* What is required: Retype, word for word, every line of the records below starting at the one that contains "Embryolisse Lait-Creme Sensitive Cream 100ml" and ending at the one that contains "U.S Women’s National"; include both of those lines and nothing more.

Available records Start Marker

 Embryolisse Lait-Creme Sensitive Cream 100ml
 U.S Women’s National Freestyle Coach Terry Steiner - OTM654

Available records End Marker
Available records Start Marker

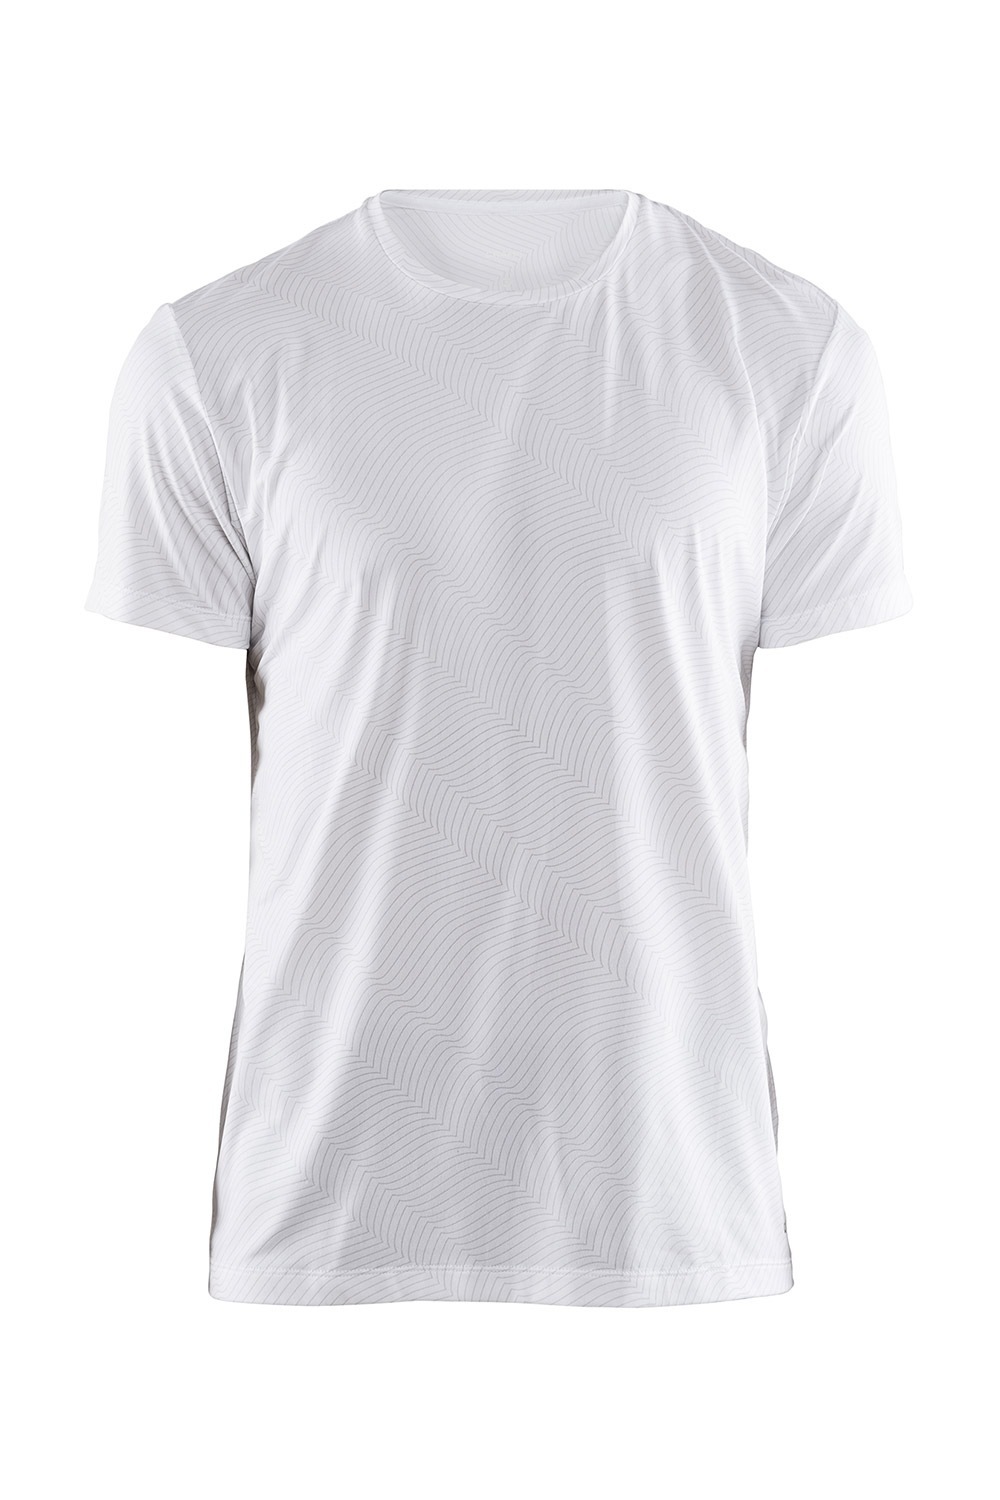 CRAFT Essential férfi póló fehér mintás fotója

Available records End Marker

* Completed exercise:
 Embryolisse Lait-Creme Sensitive Cream 100ml
 U.S Women’s National Freestyle Coach Terry Steiner - OTM654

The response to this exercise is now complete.